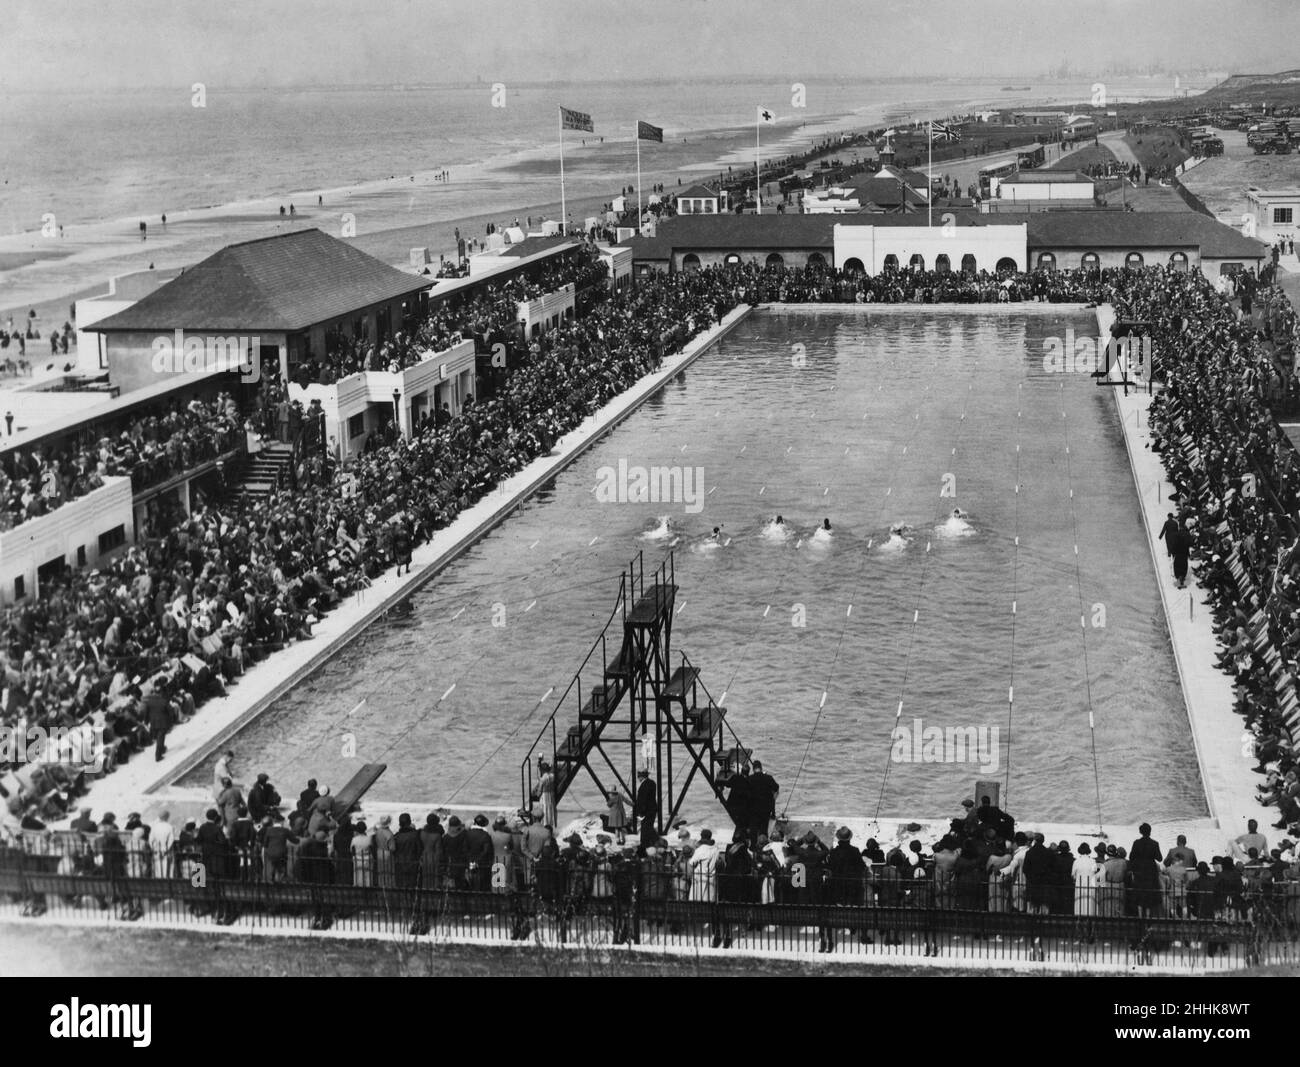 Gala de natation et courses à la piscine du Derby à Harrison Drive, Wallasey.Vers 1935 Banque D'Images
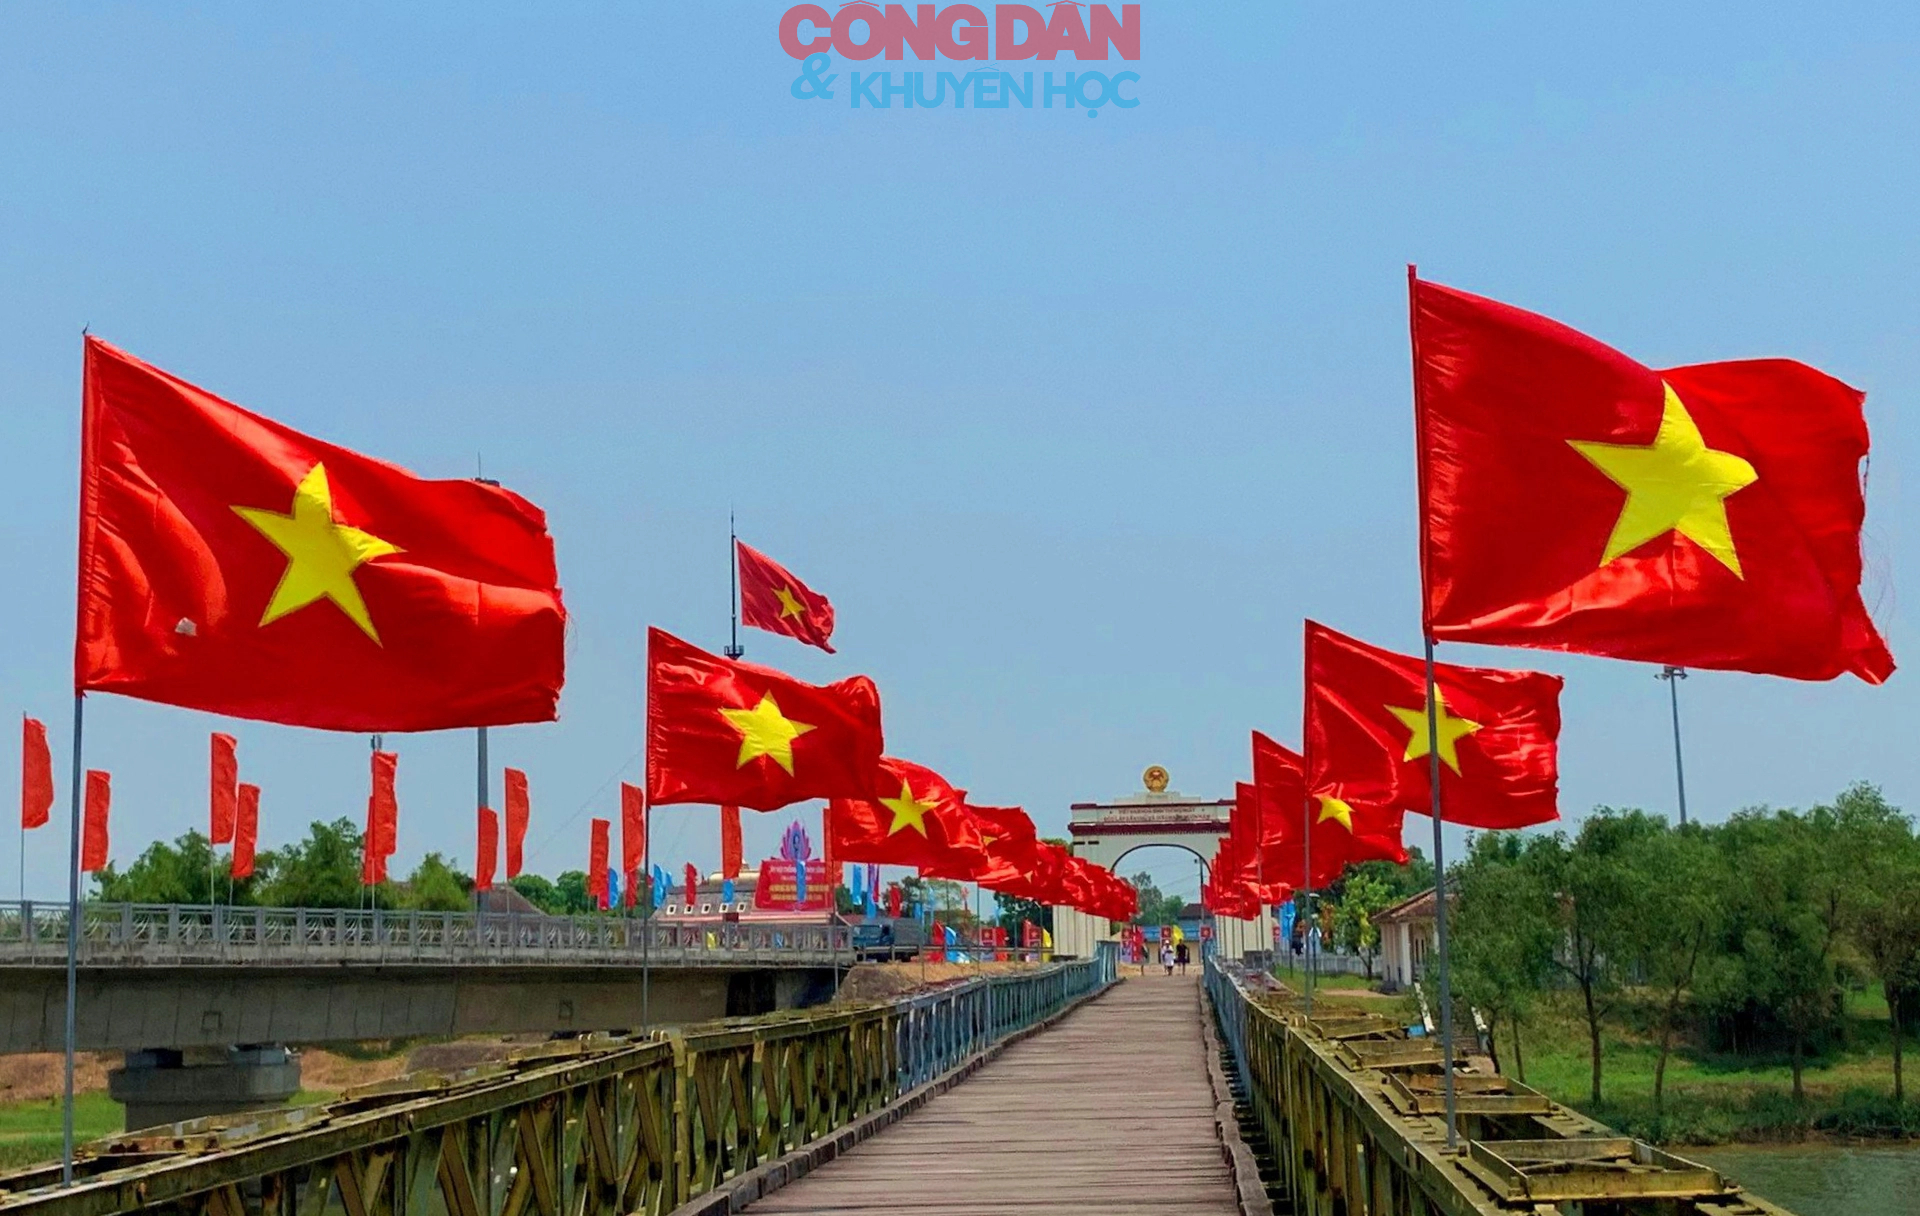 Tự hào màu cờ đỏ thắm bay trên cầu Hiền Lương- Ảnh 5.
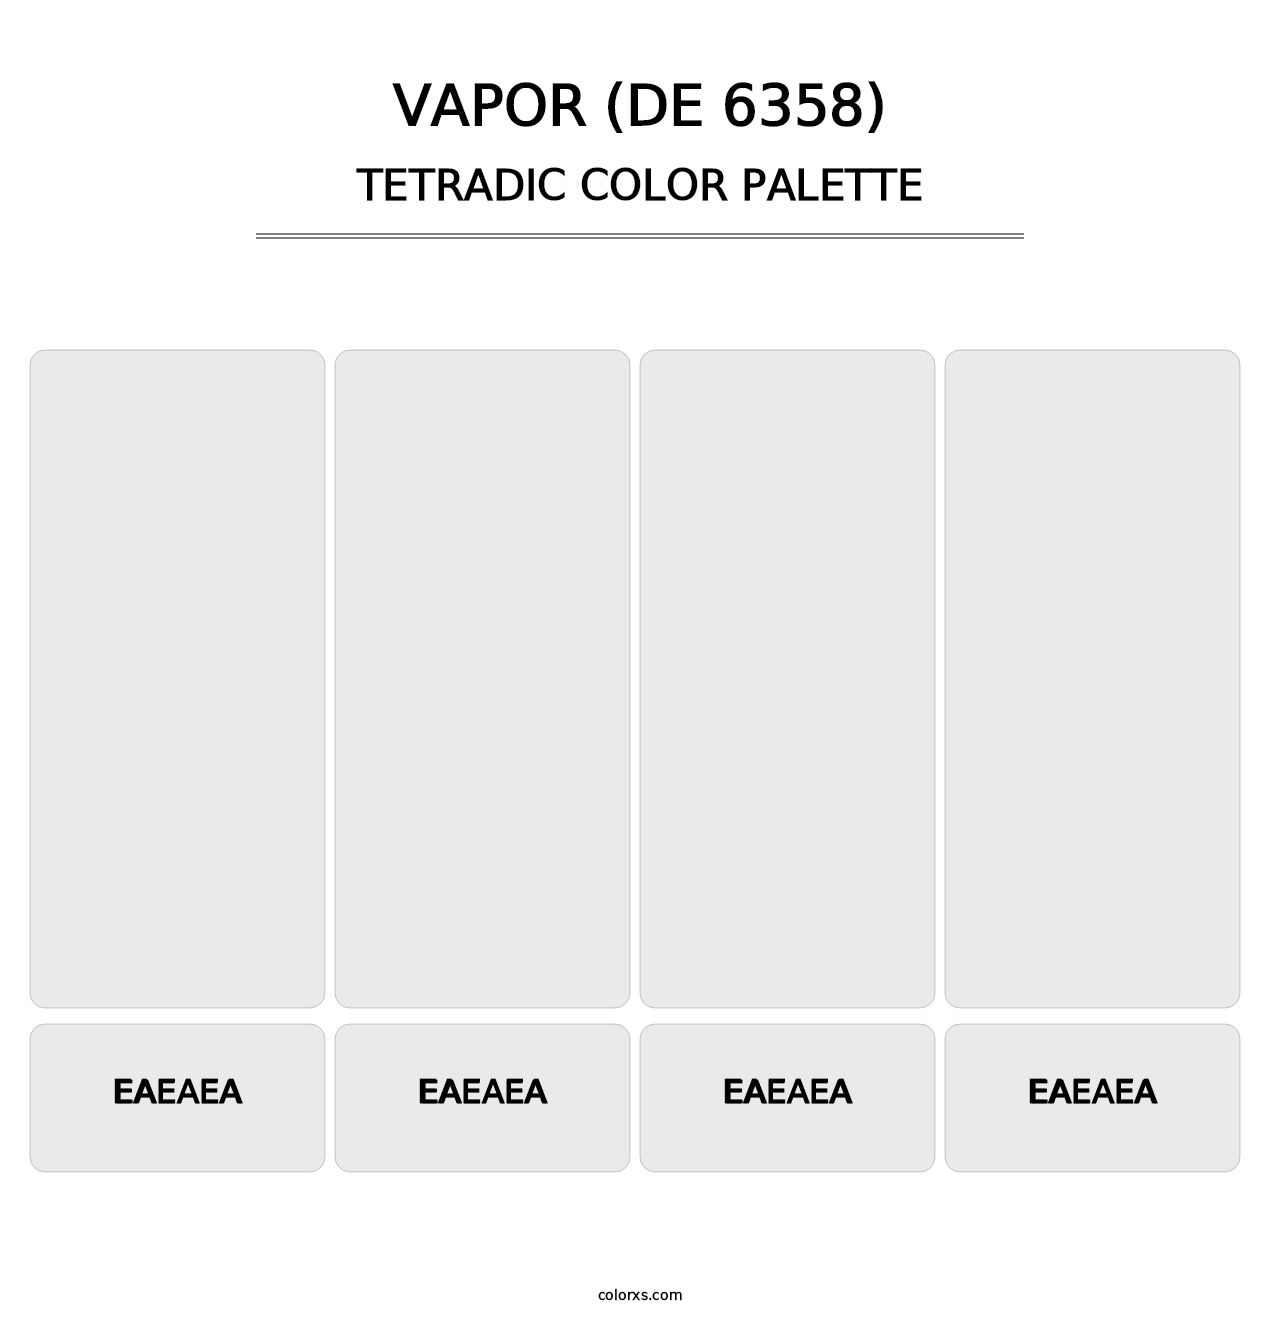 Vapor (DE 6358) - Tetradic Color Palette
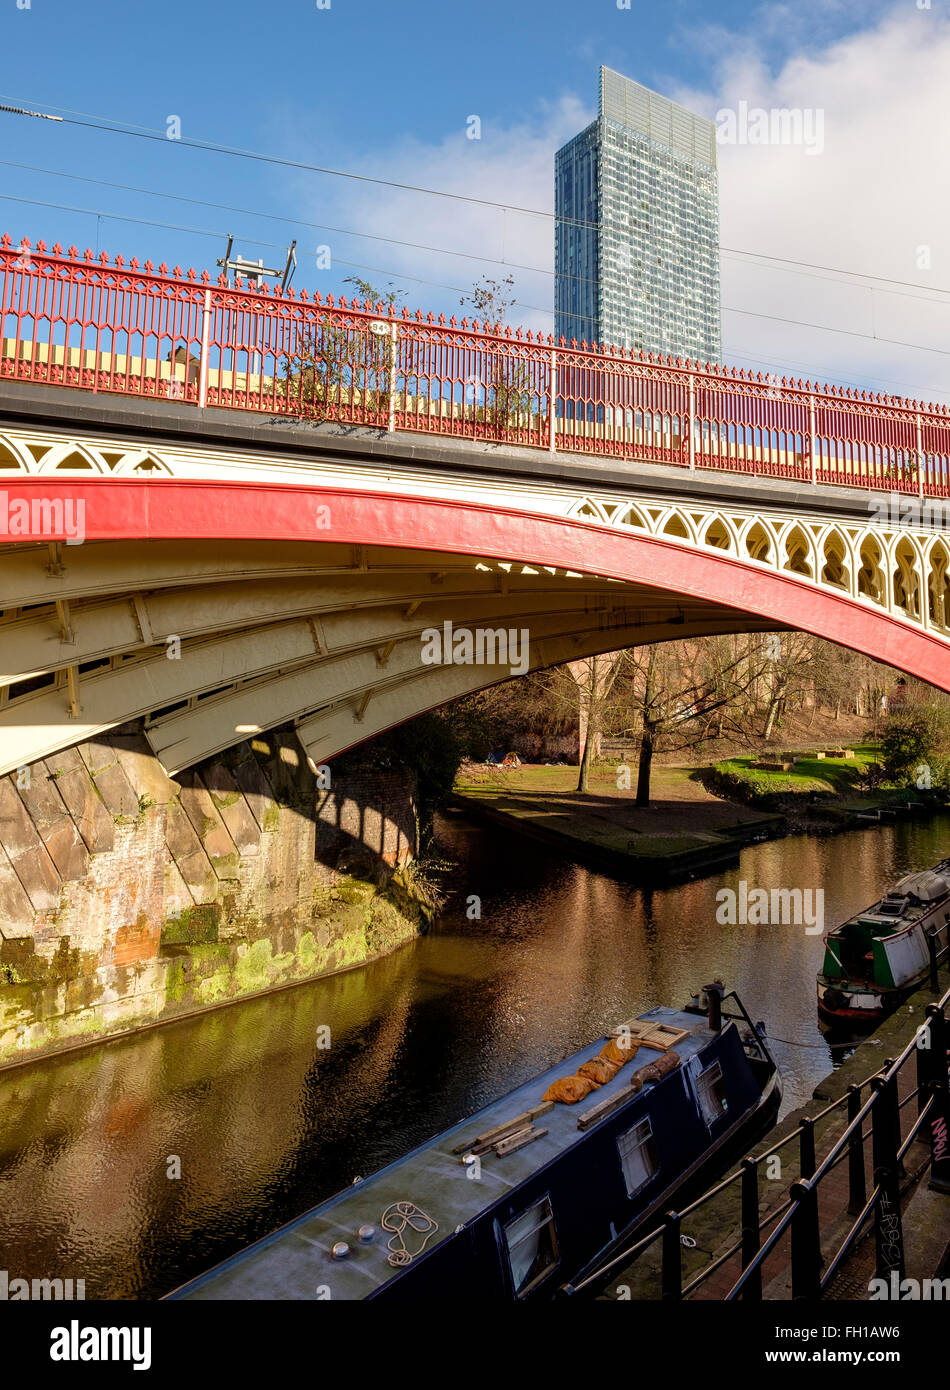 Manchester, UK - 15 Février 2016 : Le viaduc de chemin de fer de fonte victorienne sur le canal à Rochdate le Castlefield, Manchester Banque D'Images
=====
### Problem to work on
Going from the line holding "Tự hào màu cờ" to the last line of the data above, reproduce every line exactly, both included, with the pictures omitted.

### The completed task
 Tự hào màu cờ đỏ thắm bay trên cầu Hiền Lương- Ảnh 5.
 Vapor (DE 6358) - Tetradic Color Palette
 Manchester, UK - 15 Février 2016 : Le viaduc de chemin de fer de fonte victorienne sur le canal à Rochdate le Castlefield, Manchester Banque D'Images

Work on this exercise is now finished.